Europe shows mature demand with centralized tenders that compress margins yet offer multi-year volume visibility for modality refresh cycles in the medical imaging market. Germany and France maintain higher per-capita utilization than the United Kingdom, where budget constraints limit capital replacement and contribute to lower scanner density relative to continental peers. MDR implementation increased compliance workload and certification time for AI-rich software, which favors incumbents with deep regulatory teams and structured post-market surveillance programs in the medical imaging market.
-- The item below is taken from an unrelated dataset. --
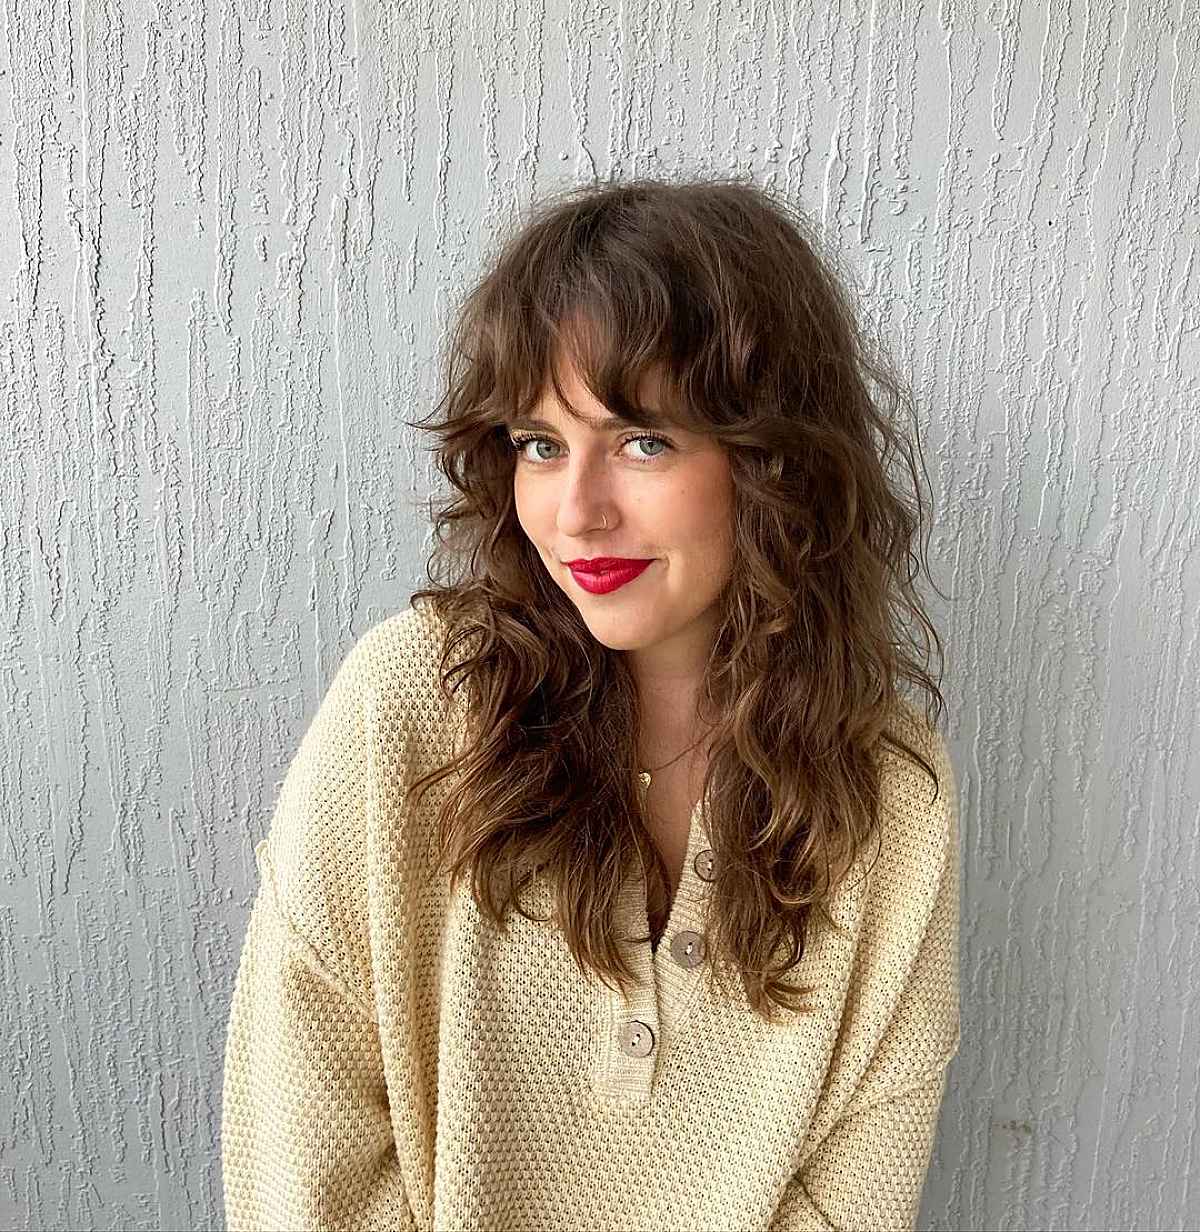 Razored Shag Cut with Tousled Waves

Private providers in Central and Eastern Europe invest to serve medical tourists from Western Europe, where pricing and wait-time differentials pull procedures to regional hubs with modern imaging suites.
Asia-Pacific is the fastest-growing region at a 5.54% CAGR as China, India, and Southeast Asia expand access through public investment and private-chain growth, with domestic manufacturers adding capacity and competitive price points in the medical imaging market. Japan behaves like a replacement market, while Australia and South Korea combine high technology adoption with smaller absolute volumes due to population size. Regulatory fragmentation across ASEAN requires market-by-market registration and reimbursement planning, which influences launch sequencing and partner selection for manufacturers in the medical imaging market. In the Middle East, sovereign investment in tertiary-care hubs drives premium imaging procurement as part of economic diversification agendas, while Sub-Saharan Africa remains underserved and relies on portable and refurbished solutions tailored to infrastructure realities. South America concentrates growth in Brazil, Mexico, and Colombia as urban private hospitals build imaging-led service lines, while public systems and rural areas extend access through mobile fleets and tele-reporting in the medical imaging market.